Leaving out the pictures, return word for word the stretch of entries below from the line holding "Сахар 200 кг." through the line holding "Federica Tosi Black".

====== Exercise data

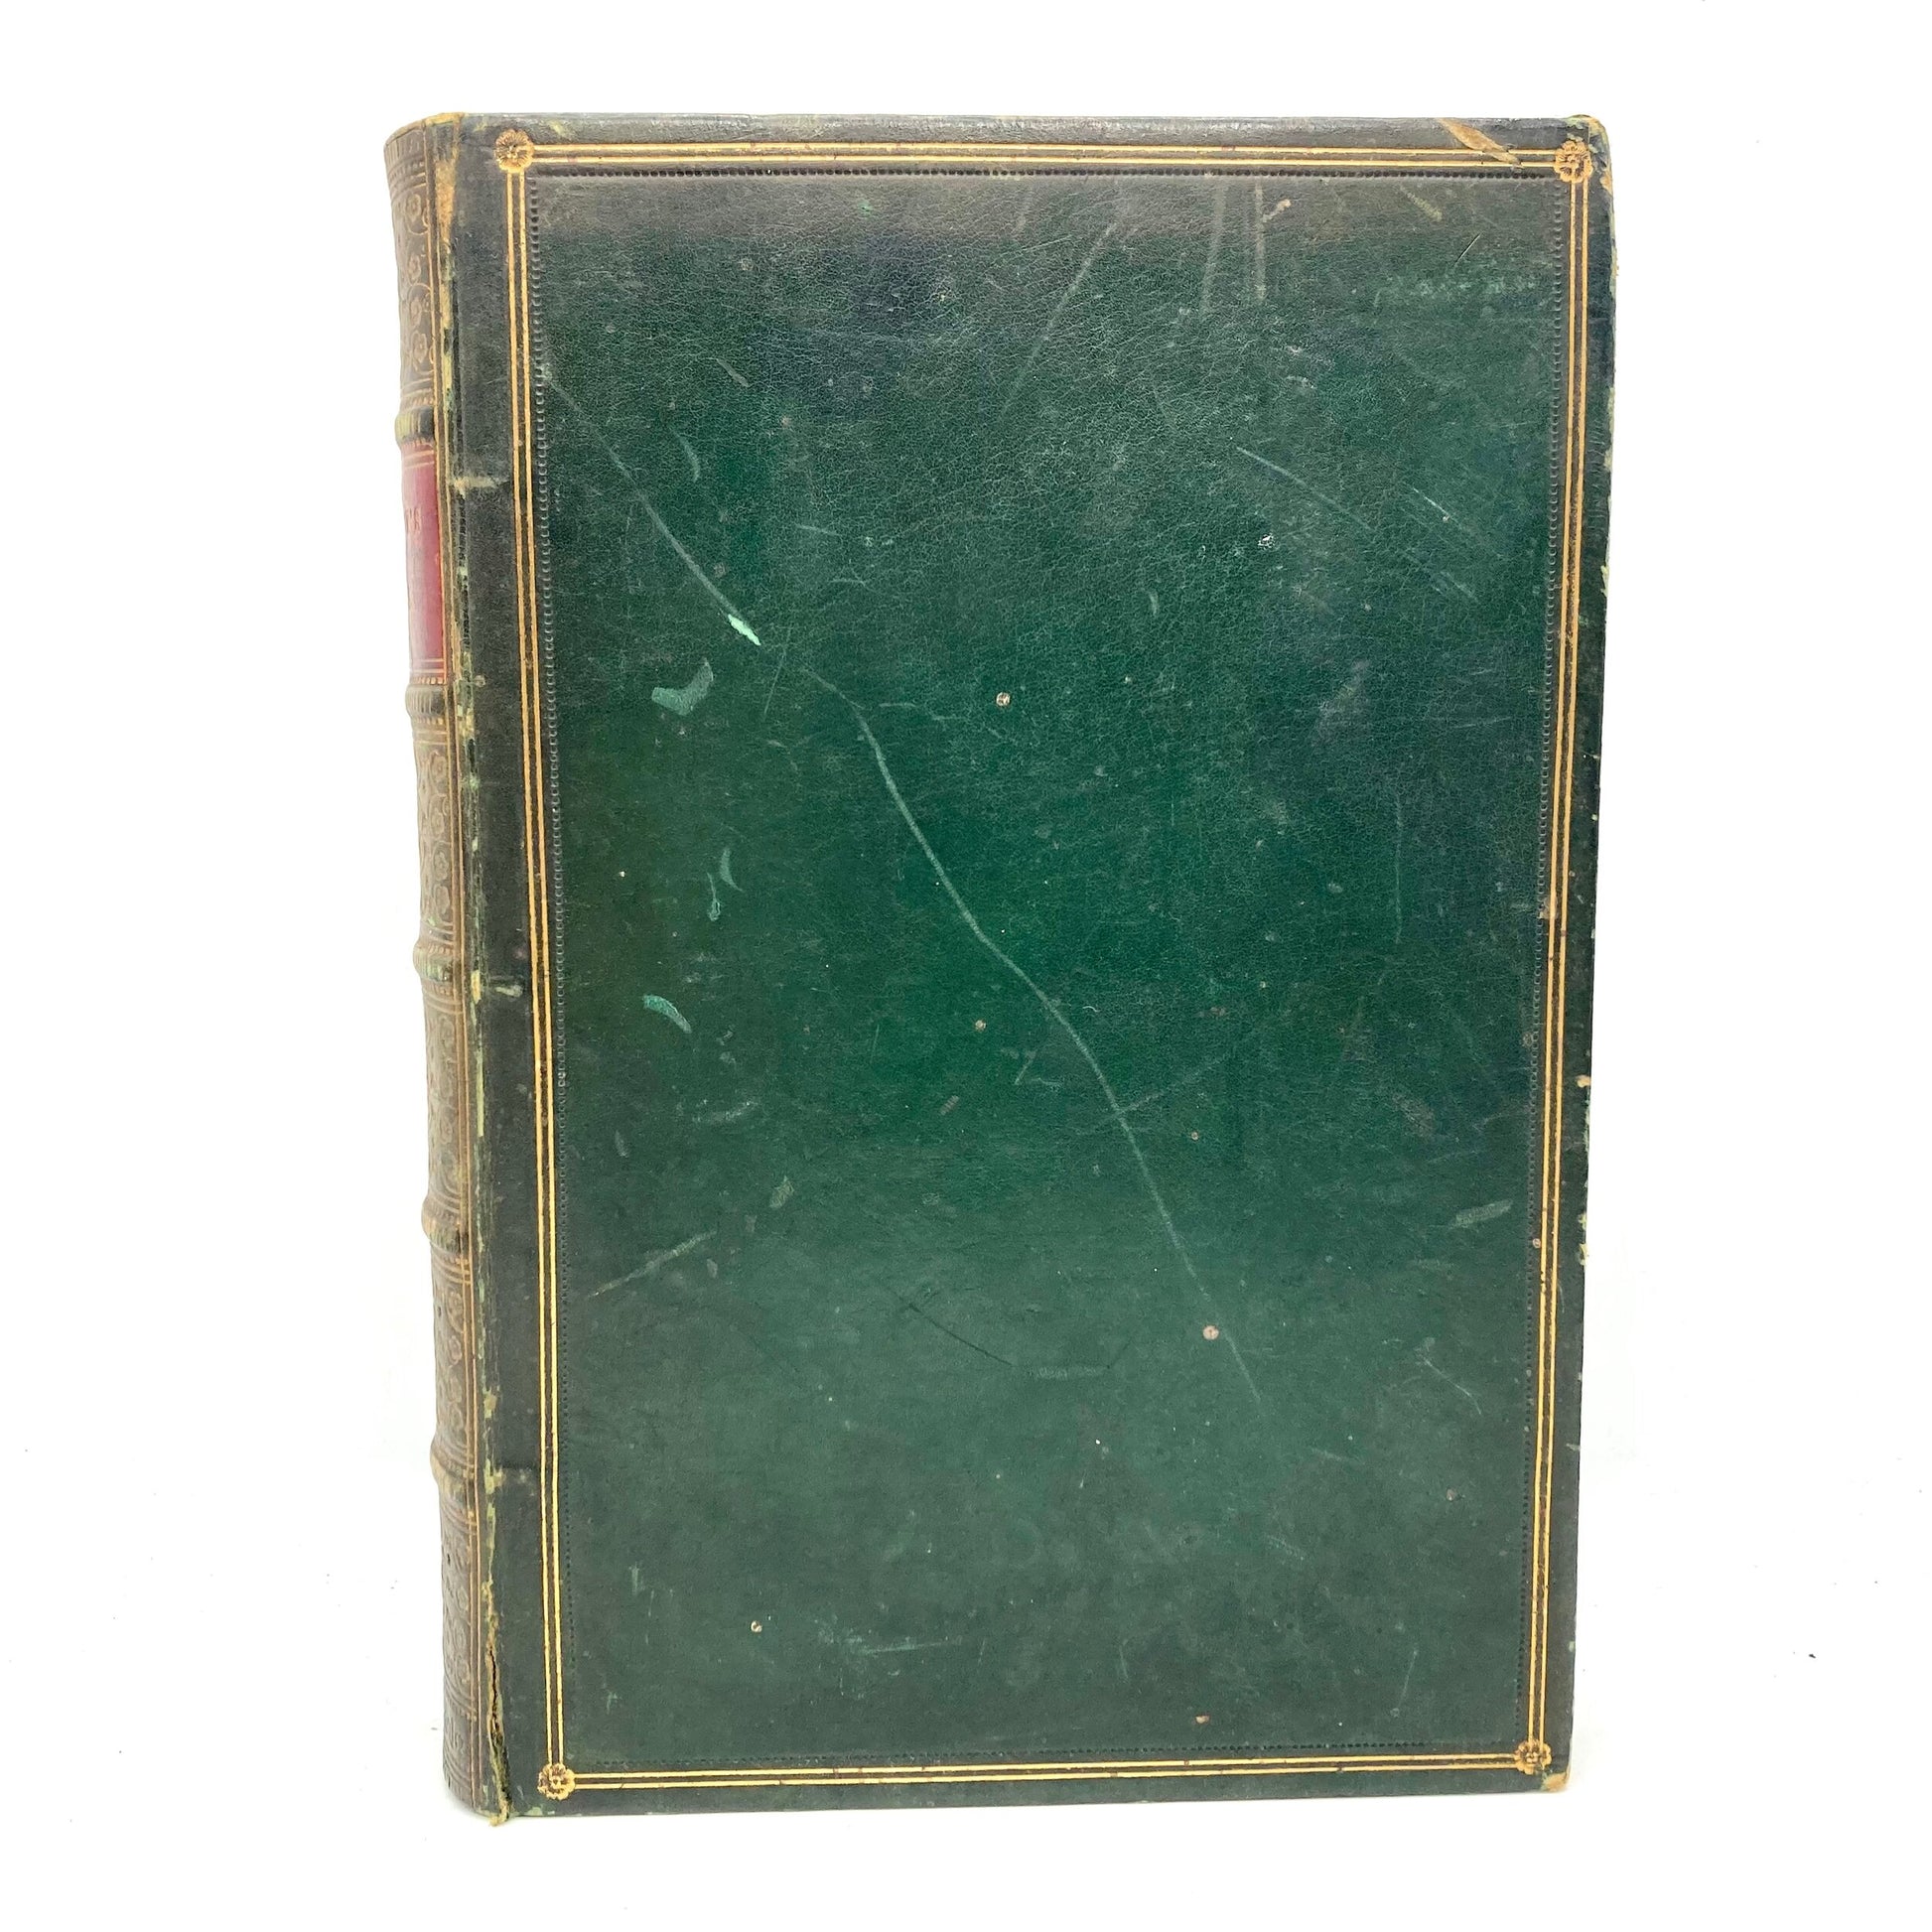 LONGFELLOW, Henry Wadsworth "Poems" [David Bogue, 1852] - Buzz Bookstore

============
====== Exercise data

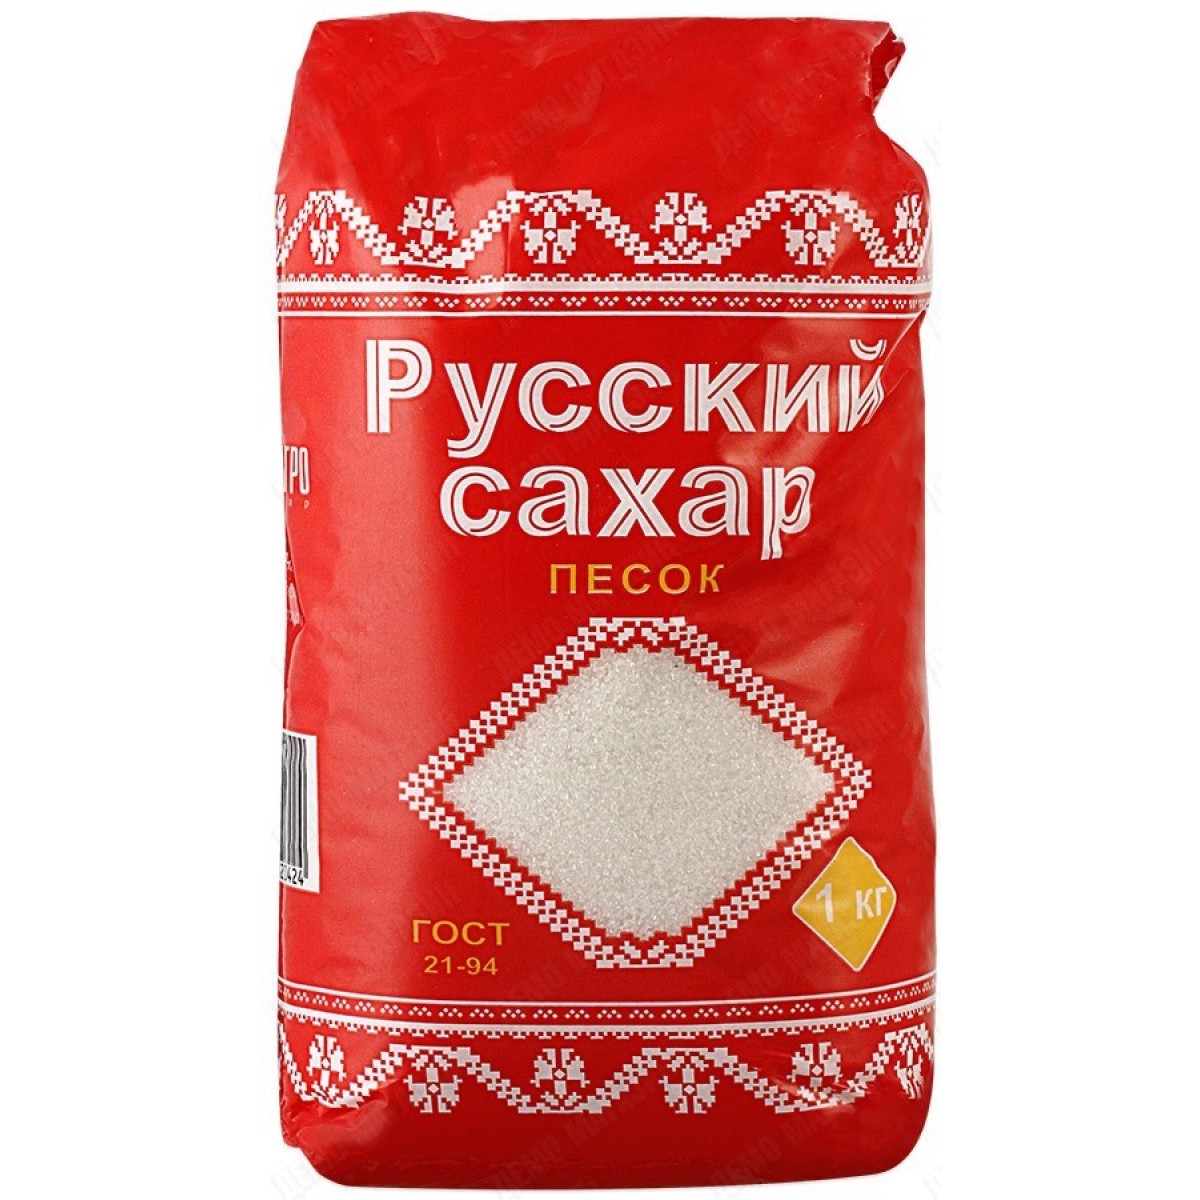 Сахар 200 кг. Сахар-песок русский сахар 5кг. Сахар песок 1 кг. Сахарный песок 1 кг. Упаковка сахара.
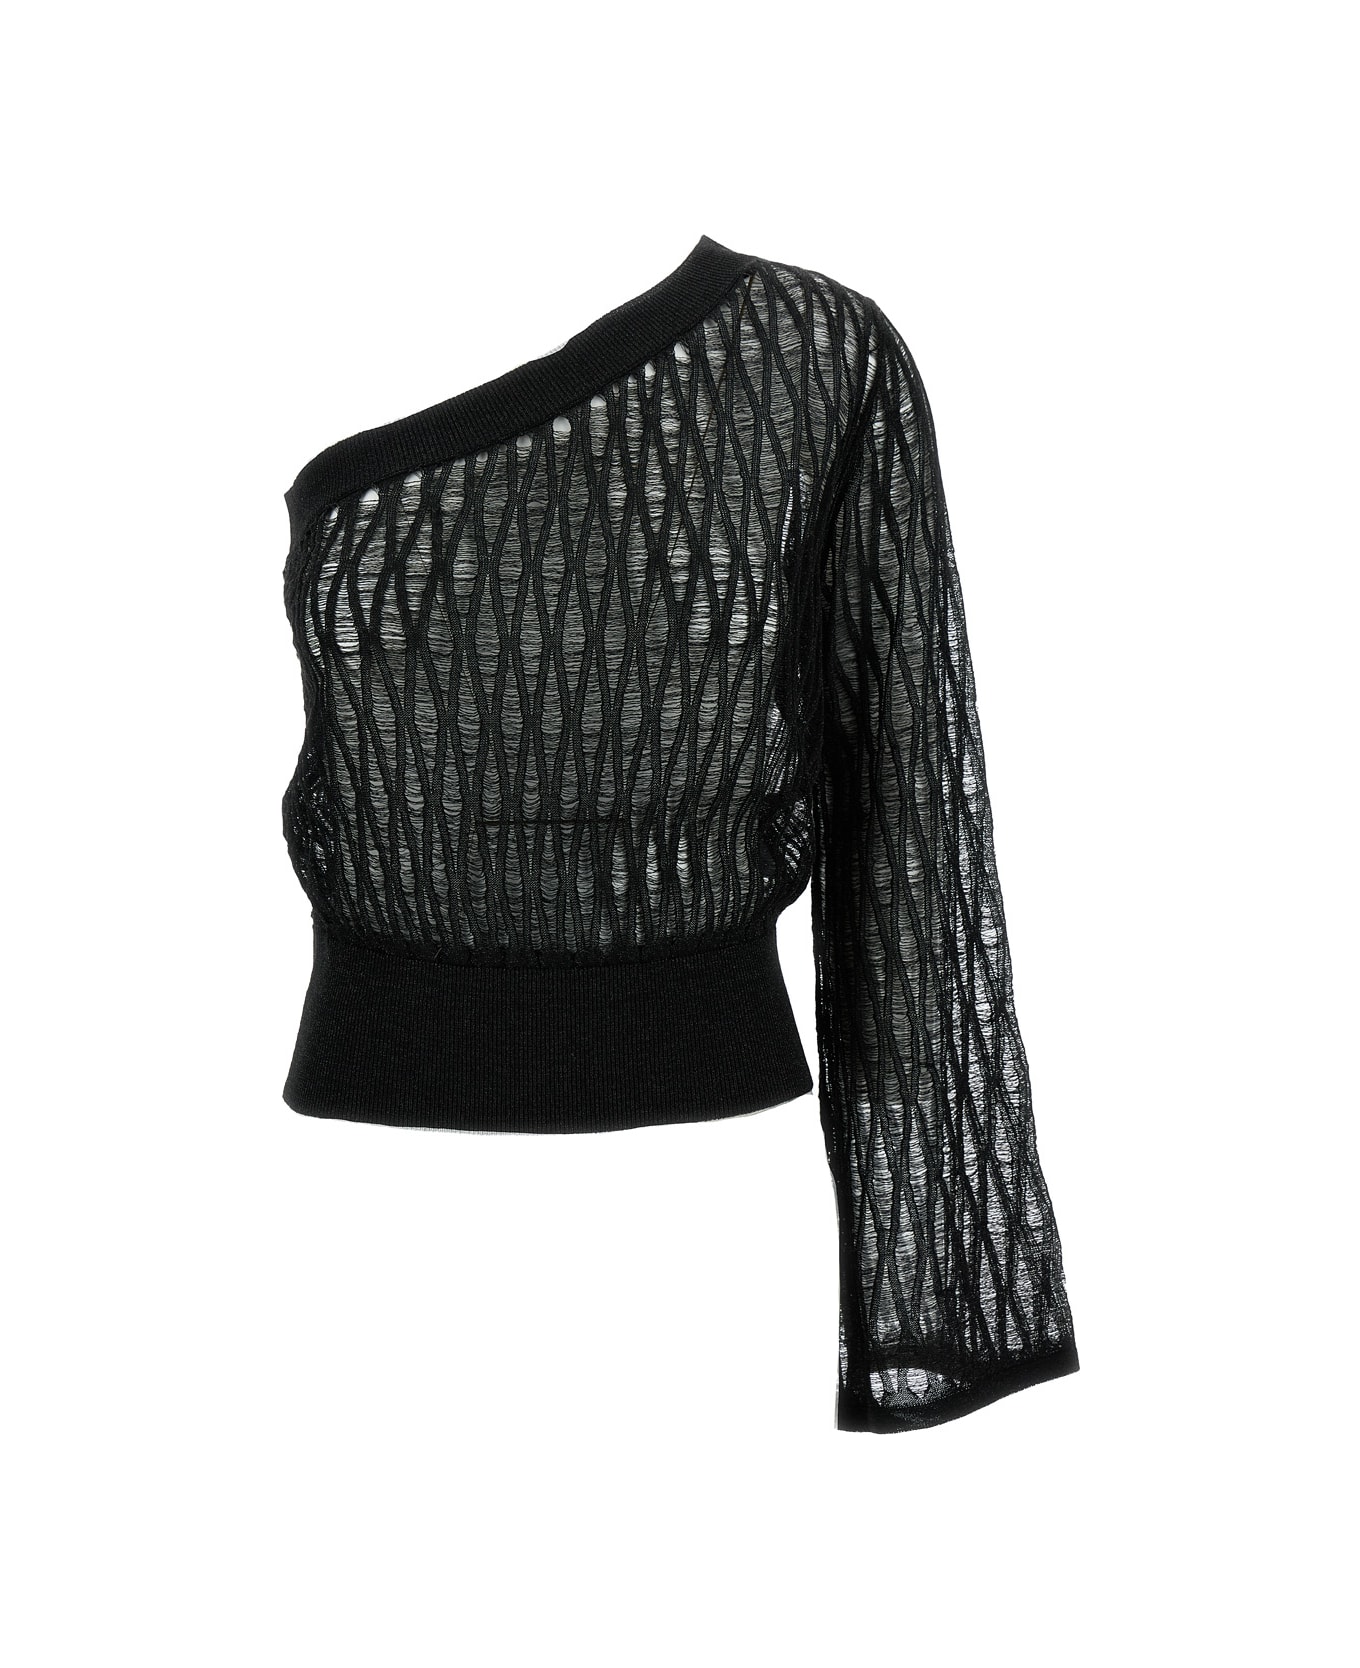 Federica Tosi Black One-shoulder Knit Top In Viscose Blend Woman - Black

============

Output for this exercise.
 Сахар 200 кг. Сахар-песок русский сахар 5кг. Сахар песок 1 кг. Сахарный песок 1 кг. Упаковка сахара.
 Federica Tosi Black One-shoulder Knit Top In Viscose Blend Woman - Black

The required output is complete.